Page MenuHomePhabricator

Investigate using blazegraph for deep category searching / returning of results
Closed, ResolvedPublic

Description

The good folks at WMDE have been working on a method of searching for and returning sub categories when a user requests it via special search.

We'd like to investigate if using Blazegraph would be a good method of use to implement this in production. It would probably be an extension into CirrusSearch (of some sort) to allow for searching (and returning results from) sub-categories when the main category is searched on, when using the advanced search functionality.

We'd also need to look into how to update the categories on some sort of regular basis, automatically.

This was discussed at the Vienna Hackathon 2017.

Event Timeline

Searching in subcategories is very likely to expose strange and unintended results to users due to the counterintuitive structure of categories. I gave a more detailed explanation of why this is in T160234#3117759. It's worth spending some time thinking about whether investigating technical solutions is worth it, given that the results from such a search may be polluted with irrelevant results.

https://petscan.wmflabs.org/ offers a related service right now. The sweet spot for category recursion seems to be 8 levels deep. Less deep: Missing results, deeper: all sorts of strange results.

Search has always worked with messy data as opposed to query where you work with structured data. This is a solvable search problem.

Would it be available for non-search functionality as well? Filtering change lists by category is something patrollers want very much.

This is something that we'll need @Smalyshev to take a look at, moving to Up Next in the board.

Would it be available for non-search functionality as well?

Probably yes, but not sure how exactly this will work. More details will follow in coming weeks.

Change 327862 had a related patch set uploaded (by EBernhardson; owner: Smalyshev):
[mediawiki/core@master] Produce RDF dump of all categories and subcategories in a wiki.

https://gerrit.wikimedia.org/r/327862

Stas recently announced that the category tree of a few wikis are now available as RDF dump and in Wikidata Query Service. More documentation is at:
https://www.mediawiki.org/wiki/Wikidata_query_service/Categories

deepcat: ор deepcategory: are the keywords for CirrusSearch, now merged.

Great! Will it be deployed with the train next week then?

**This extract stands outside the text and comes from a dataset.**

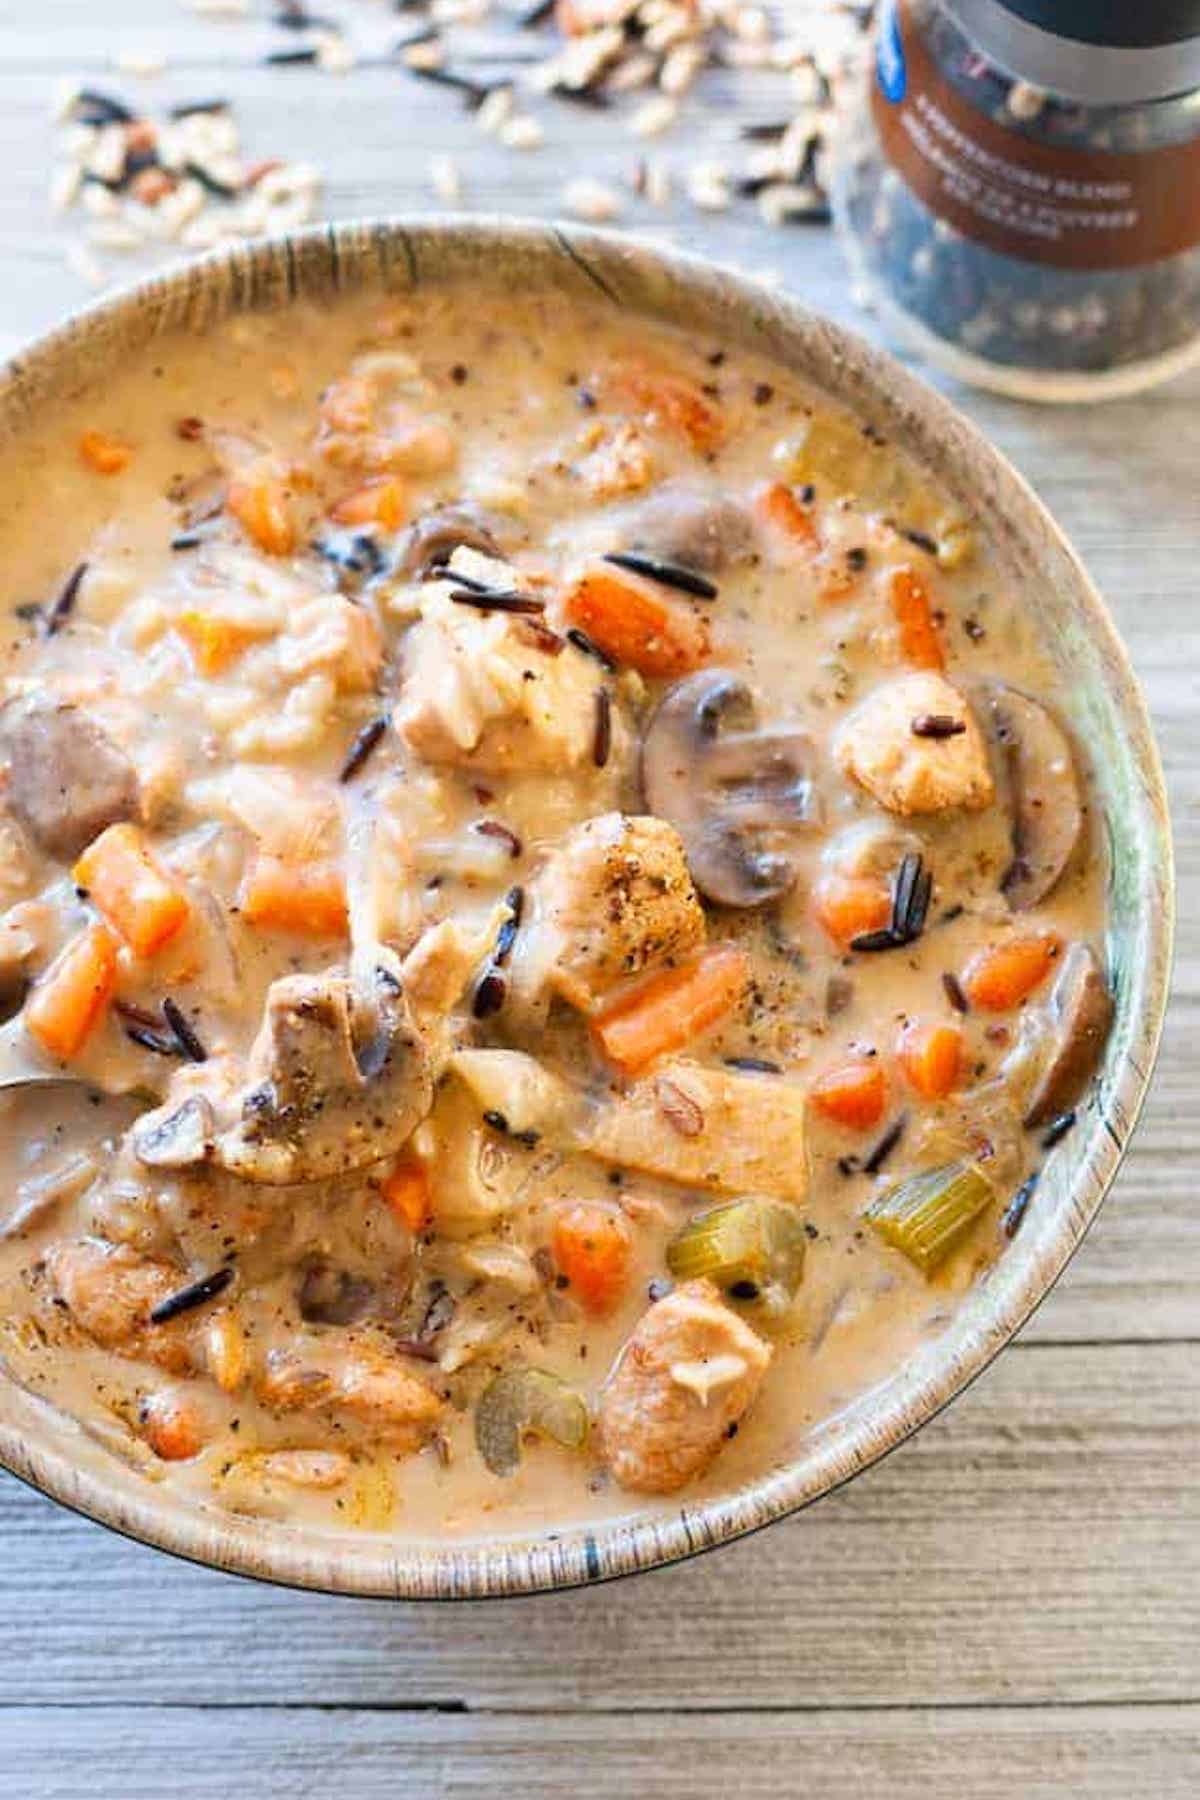 A bowl filled with cream chicken and wild rice soup with sliced mushrooms, celery, and carrots.

I think the 1.31.0-wmf21 was cut just before this was merged so this will go to production wikis next week and when the config https://gerrit.wikimedia.org/r/#/c/410242/ is deployed. Earliest would be Friday 23 if we swat the config on Thursday evening.

We can deploy the config anytime, it doesn't do anything without the code. I'll put it into the next SWAT.

@Smalyshev I tried the keyword again today, and it is recognized, but the results seem to be exactly the same as the incategory search.
E.g. deepcategory:"Telekommunikation (Deutschland)" results in its 37 direct subpages, but none of the pages in the subcategories.

@Lea_WMDE I think the category download is broken now T188293: Categories download is broken, due to some URL changes that happened without my knowledge and broke some scripts. I'll fix it and re-test.